To find the variance of the internal tree length, we note that Var ${}_{\pi}[\varphi(X)]=$ Var ${}_{\pi^{L}}[\varphi(X)]$ since the internal tree length is independent of the leaf labels. We now re-state the standard coalescent of labeled ranked tree shapes as an urn process.

Consider an urn containing $n$ balls labeled $\ell_{1},\ldots,\ell_{n}$ . At step k, draw two balls without replacement from the urn. Let $l_{1},l_{2}$ be the labels of the balls drawn, then set $\mathbf{p}_{k}=(l_{1},l_{2})^{k}$ . Add in a new ball with label $k$ . Repeat this process for $k=1,\dots,n-1$ until only a single ball labeled $(n-1)$ remains in the urn. The resulting sequence of pairs $\mathbf{p}=(\mathbf{p}_{1},\dots,\mathbf{p}_{n-1})$ corresponds to a labeled ranked tree shape $T\in\mathcal{T}^{L}_{n}$ drawn from the standard coalescent, i.e. $\mathbf{p}\sim\pi^{L}$ .

We can now simplify the urn process as follows: start with $n$ white balls in the urn. At each step, draw two balls and add back in a single red ball (representing an interior node of the tree). Let $R_{0}=0$ and $R_{k}$ be the number of red balls in the urn after $k$ coalescence events. Note that after $k$ mergers (coalescence events), there are $n-k$ total balls left and $R_{n-1}=1$ .
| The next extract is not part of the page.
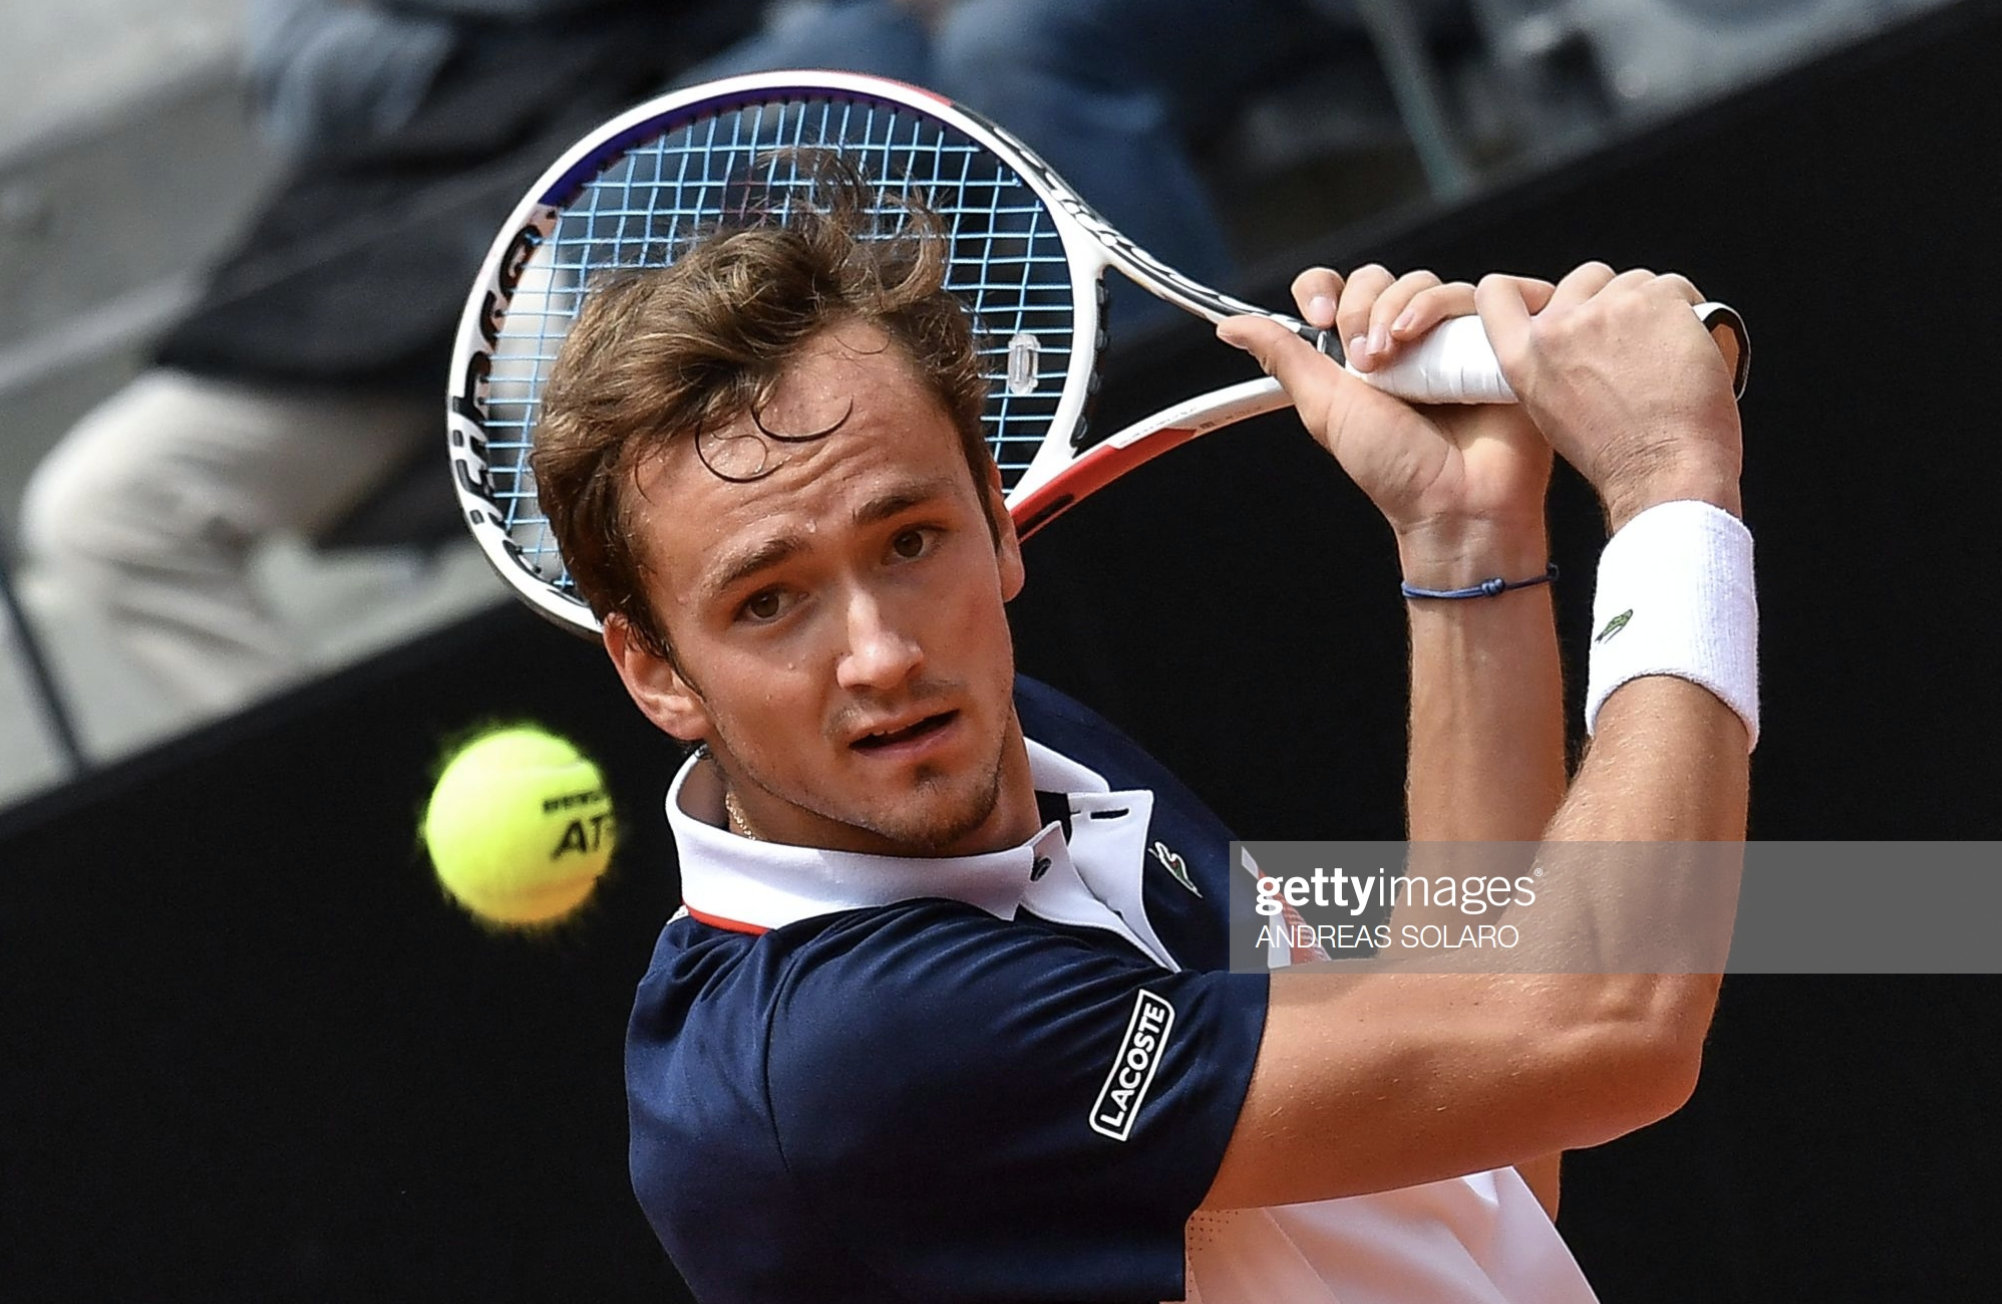 Medvedev, Sinner ready for another final duel in Vienna

The simplified urn process is useful because the internal tree length can be computed by counting the number of red balls at each step and adding them all together (Figure 3), i.e.,

\varphi(\mathbf{p})=\sum_{k=1}^{n-2}R_{k}.

The quantities $\{R_{k}\}_{k=1}^{n-2}$ are fairly easy to analyze and have been studied before in various contexts. In janson2011 , the values are used to study the asymptotic behavior of the external tree length of the Kingman coalescent and it is shown that:

	$\displaystyle\mathbb{E}[R_{k}]=\frac{k(n-k)}{n-1},$
	$\displaystyle Cov(R_{k}\cdot R_{l})=\frac{k(k-1)(n-l)(n-l-1)}{(n-1)^{2}(n-2)},\,\,\,\,k\leq l.$

Using this, we get

\mathbb{E}_{\pi}[\varphi(\mathbf{p})]=\sum_{k=1}^{n-2}\frac{k(n-k)}{n-1}=\frac{1}{6}(n^{2}+n-6),

Then, we calculate

	$\displaystyle\sum_{k=1}^{n-2}\mathbb{E}[R_{k}^{2}]=\frac{1}{30}(n^{3}+3n^{2}+2n-30),$		(8)
	$\displaystyle 2\cdot\sum_{k=1}^{n-3}\sum_{l=k+1}^{n-2}\mathbb{E}[R_{k}R_{l}]=\frac{1}{180}(n-3)(5n^{3}+21n^{2}-14n-120).$		(9)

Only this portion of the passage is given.